Supplied material:

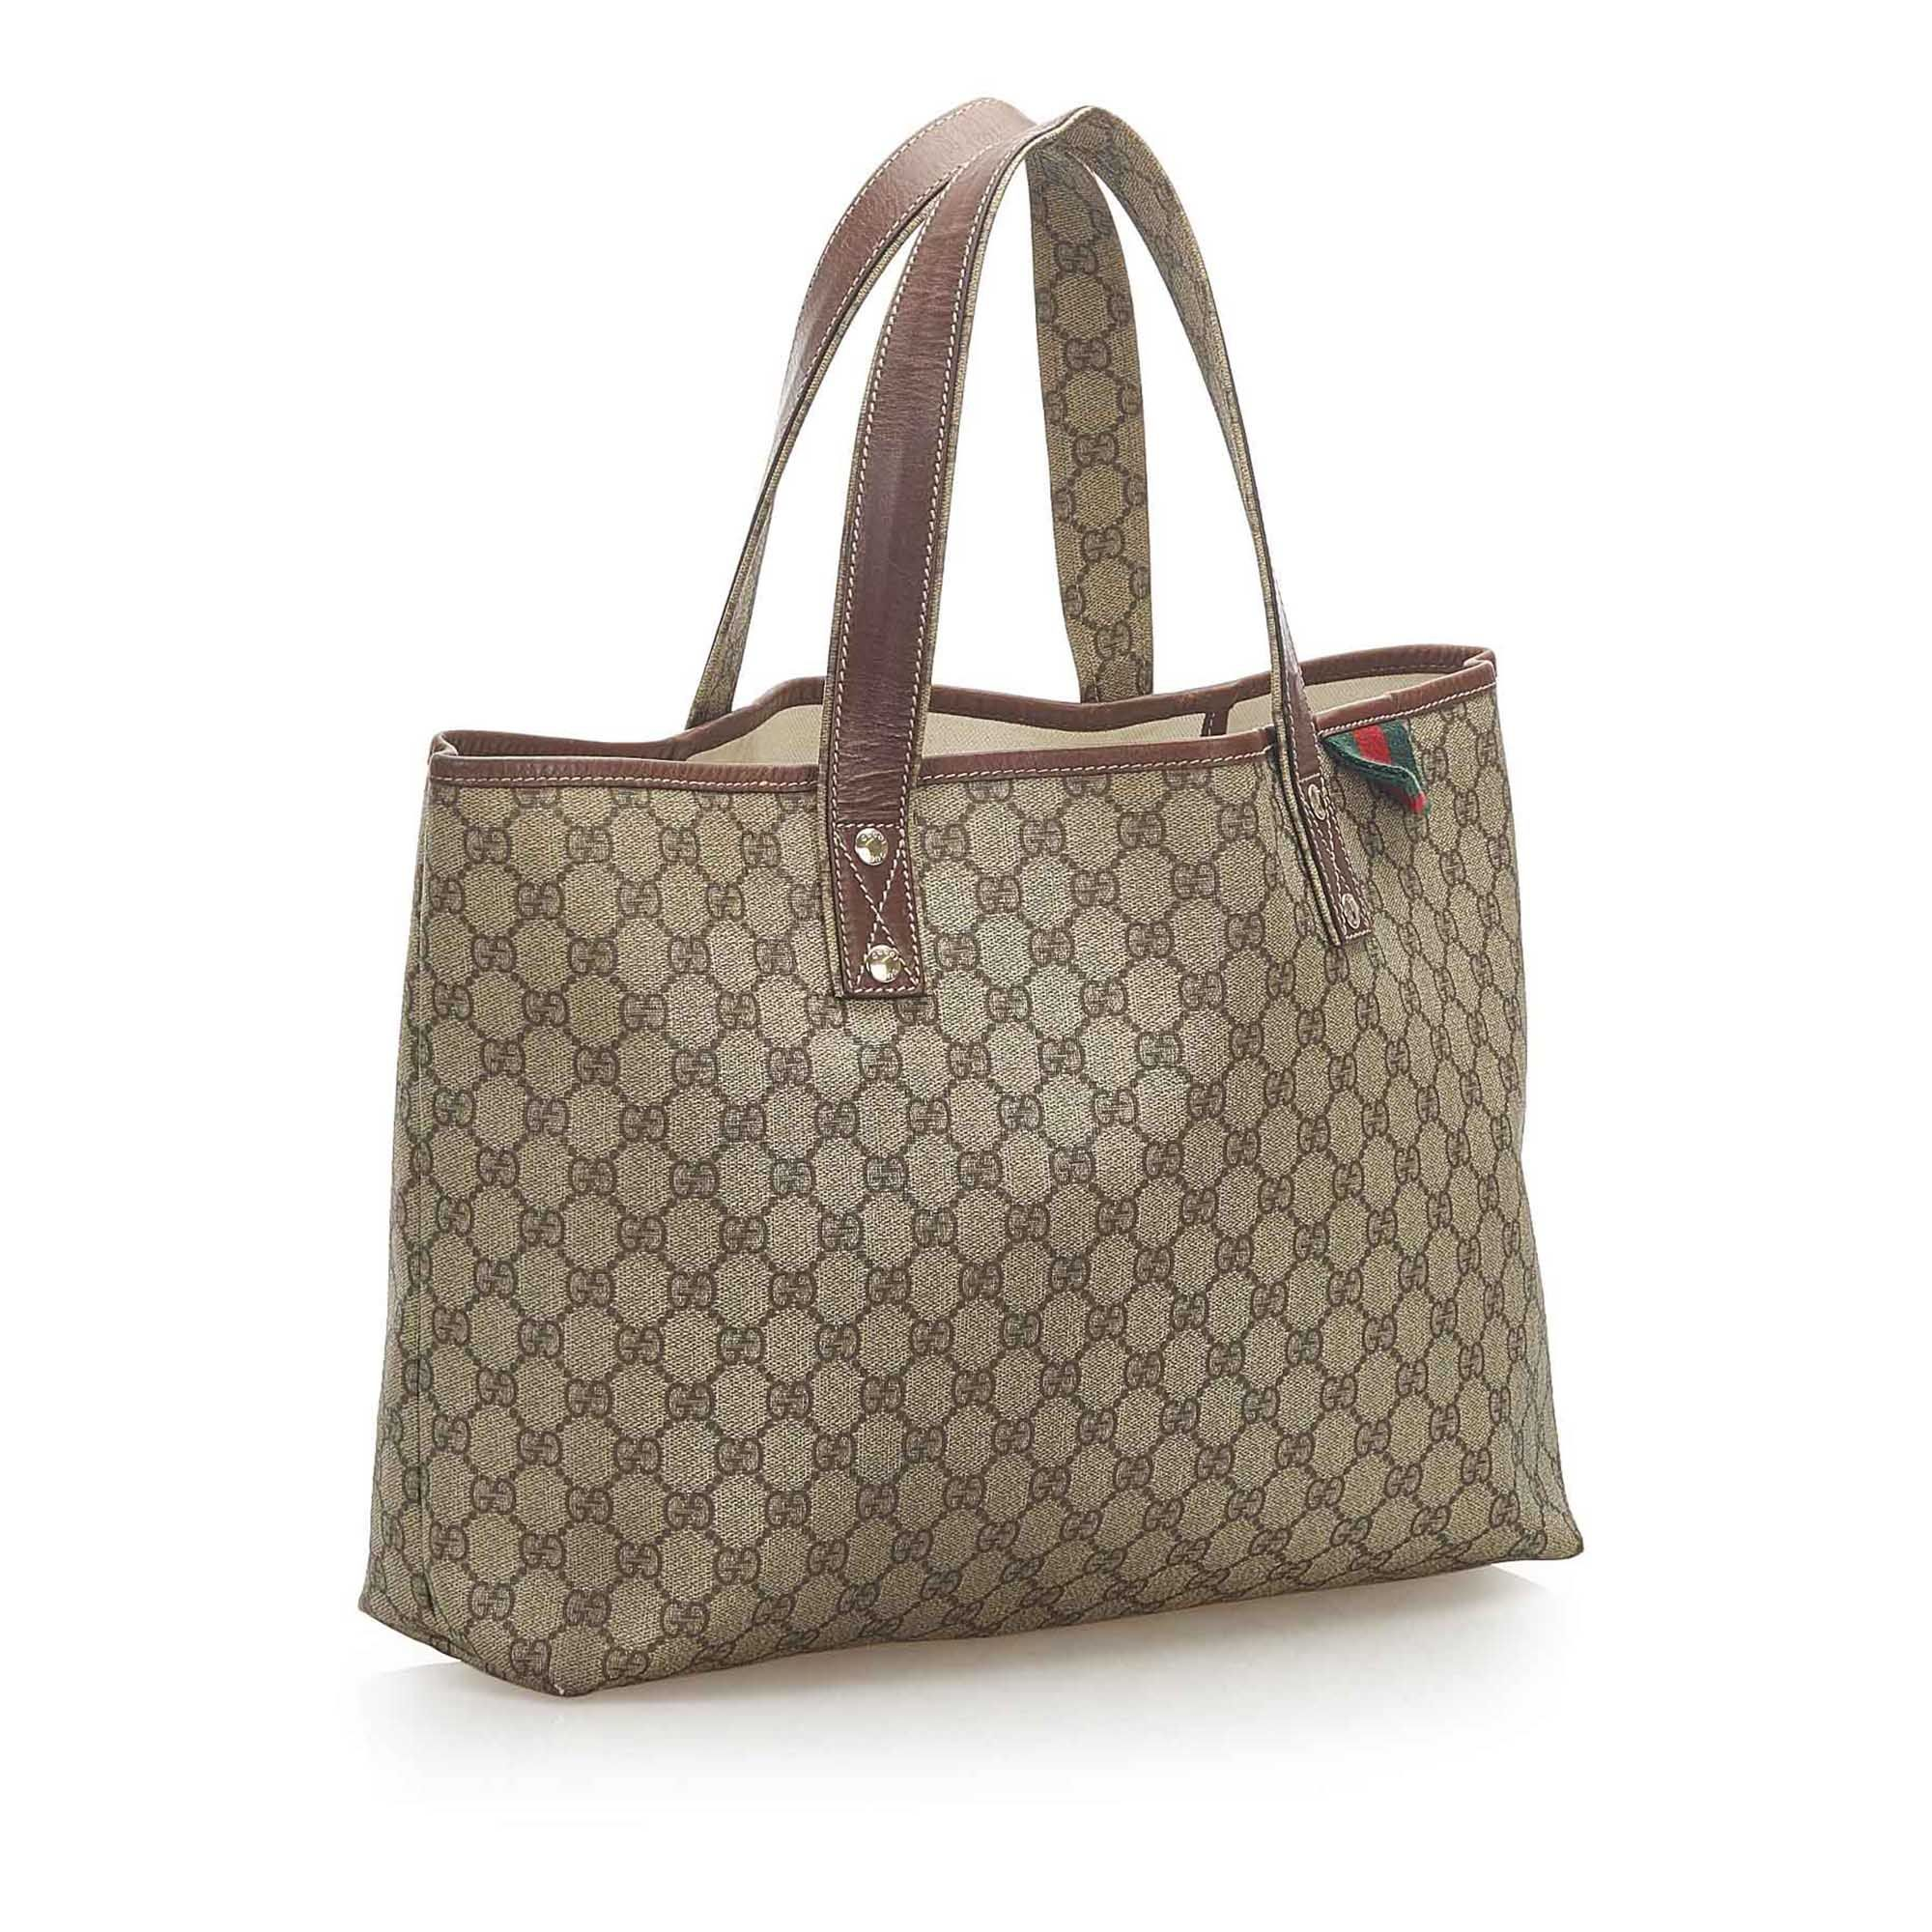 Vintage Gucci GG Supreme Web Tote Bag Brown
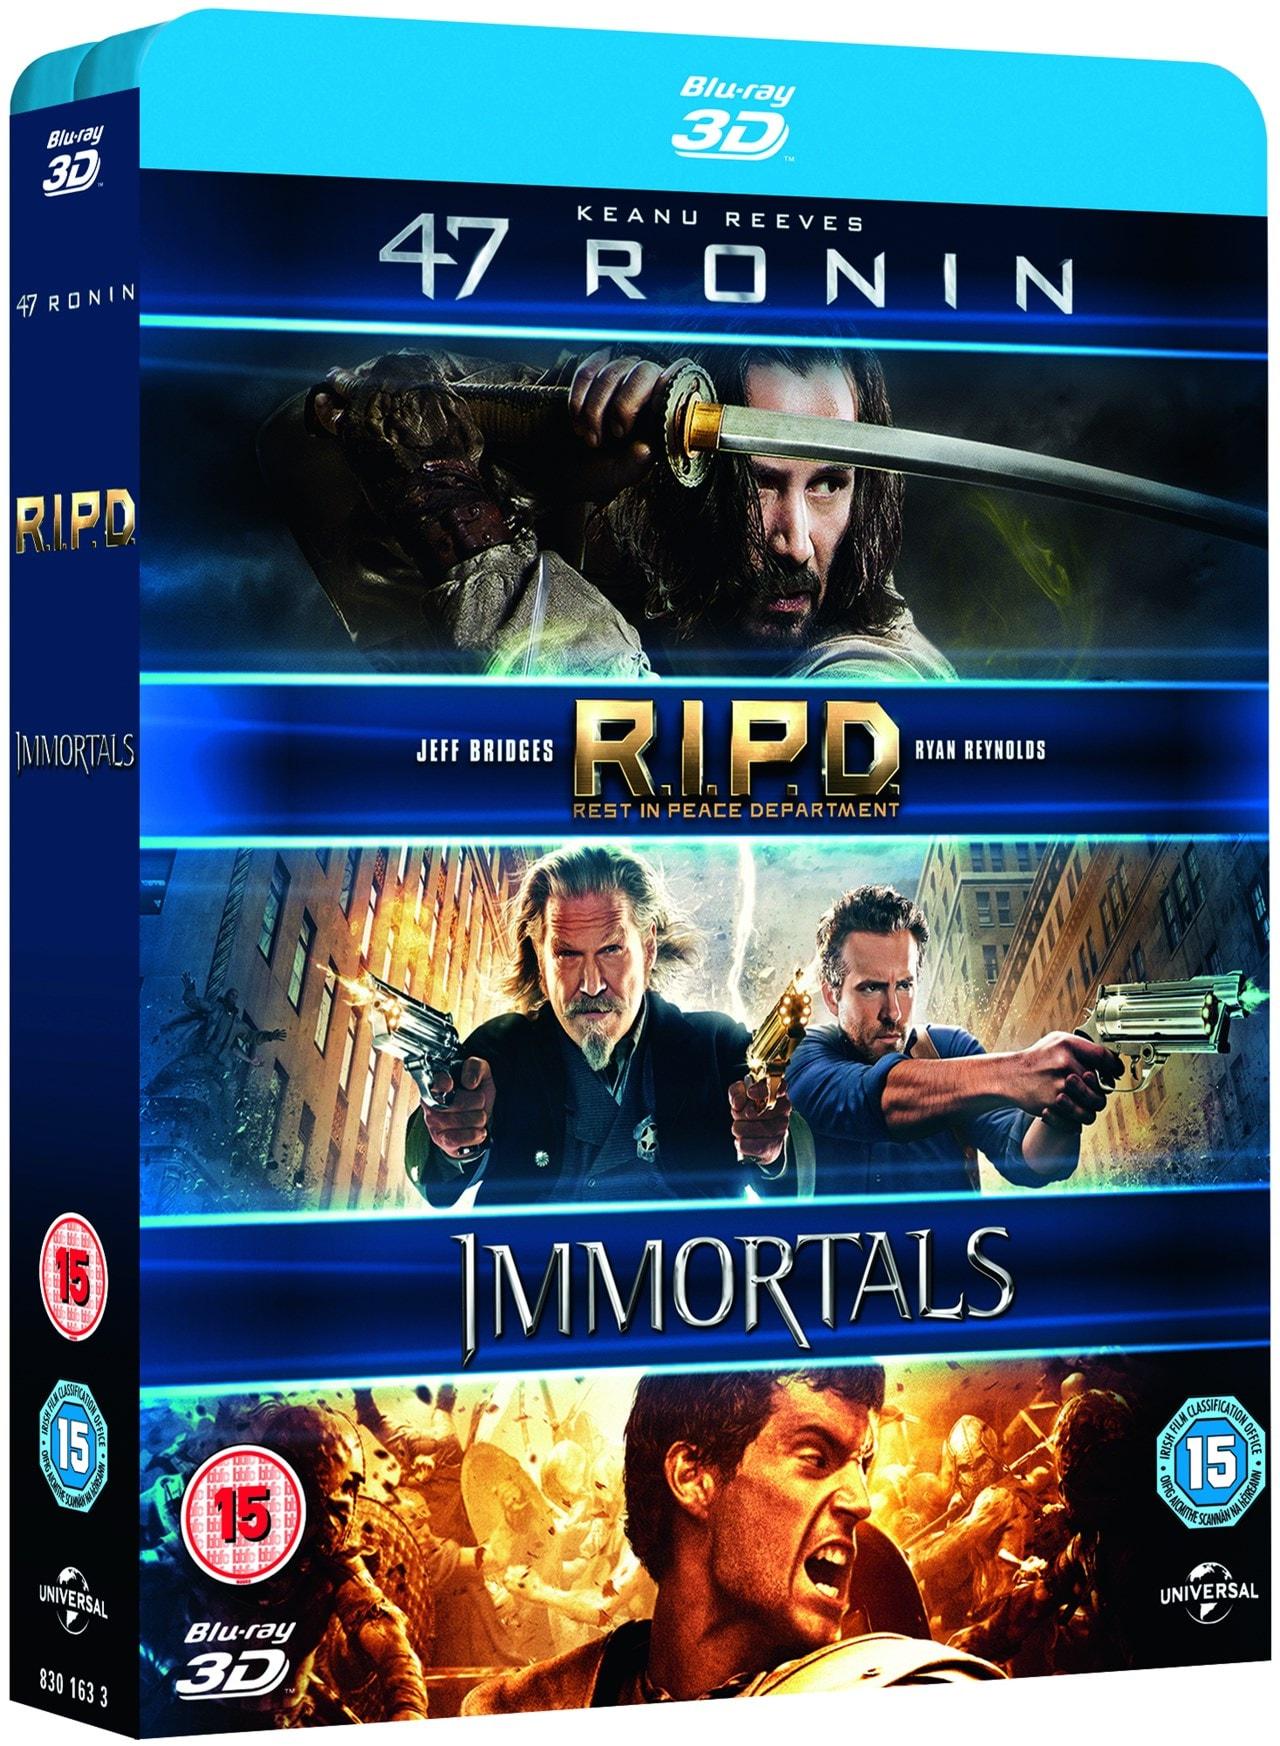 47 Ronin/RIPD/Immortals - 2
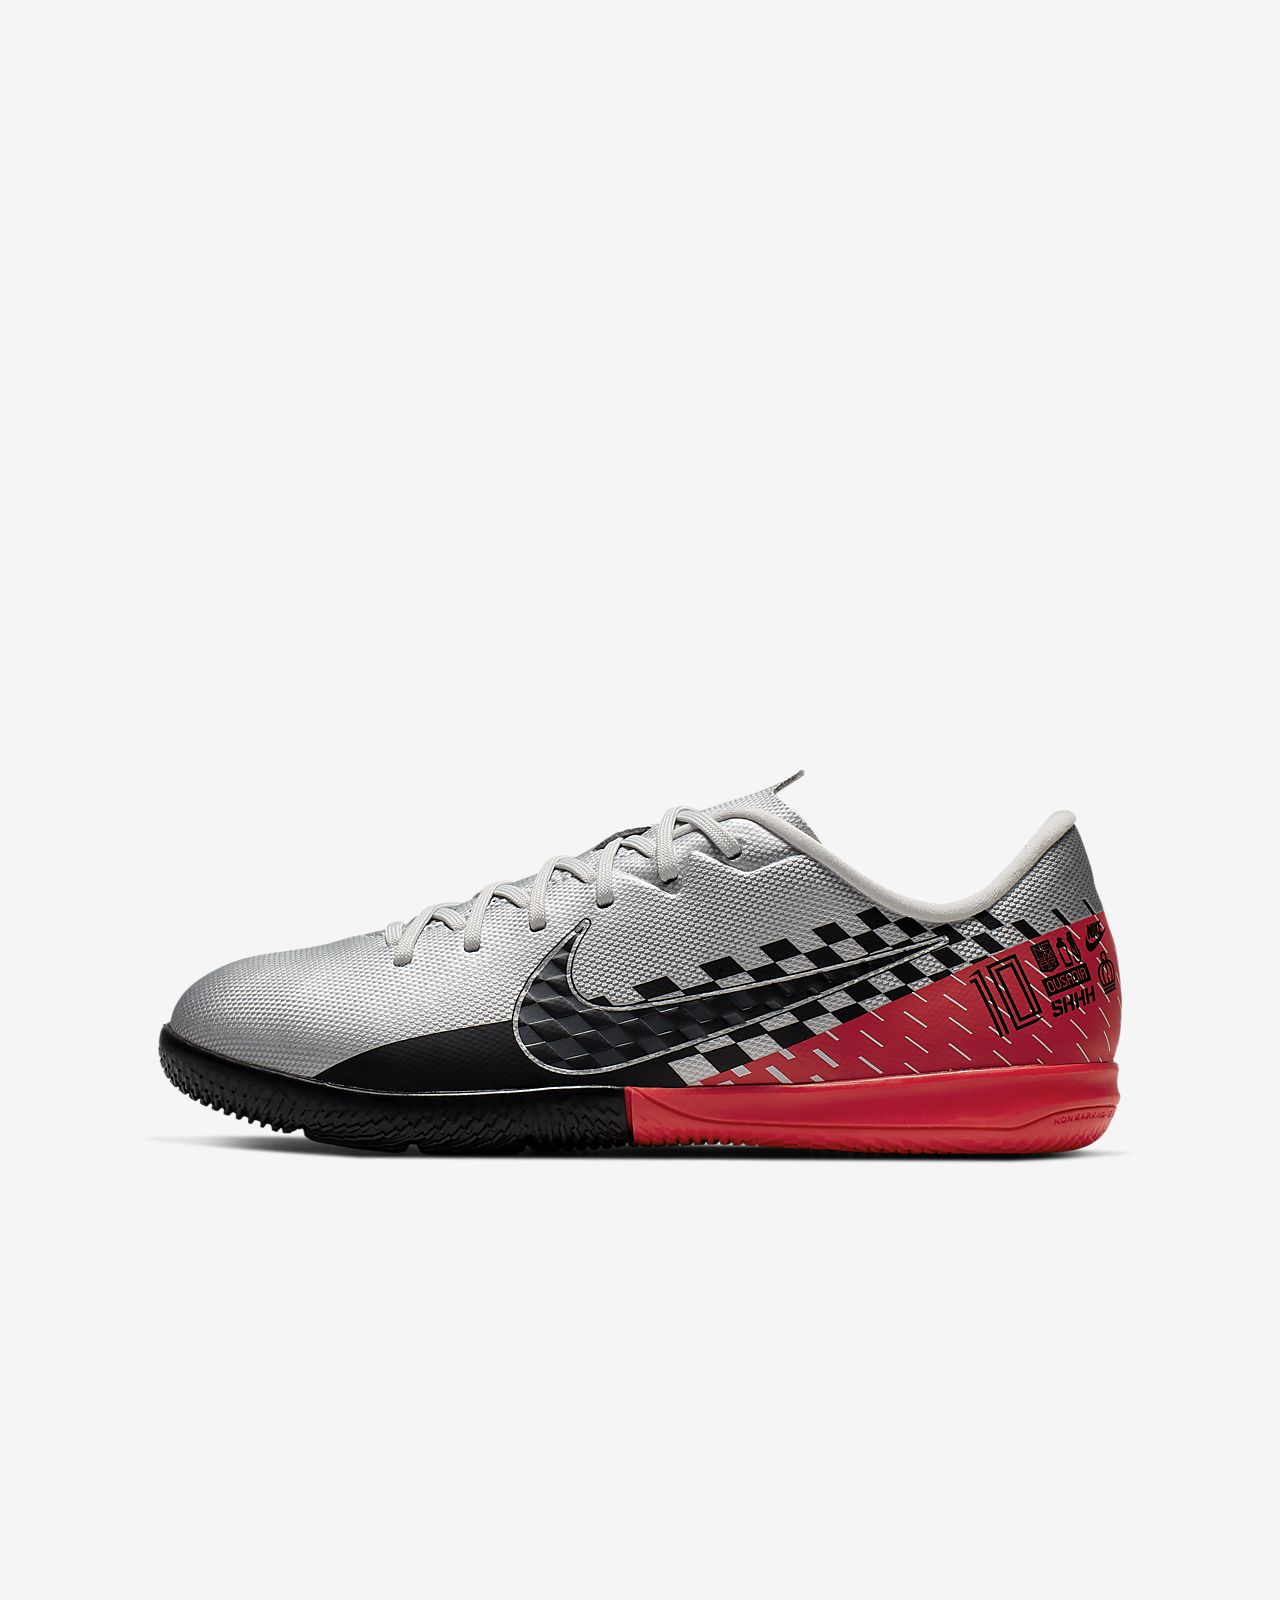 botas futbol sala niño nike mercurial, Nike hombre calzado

What is expected:
From the first line to the last, repeat the data above exactly and leave the pictures out.

Expected answer:
 Vintage Gucci GG Supreme Web Tote Bag Brown
 47 Ronin/RIPD/Immortals - 2
 botas futbol sala niño nike mercurial, Nike hombre calzado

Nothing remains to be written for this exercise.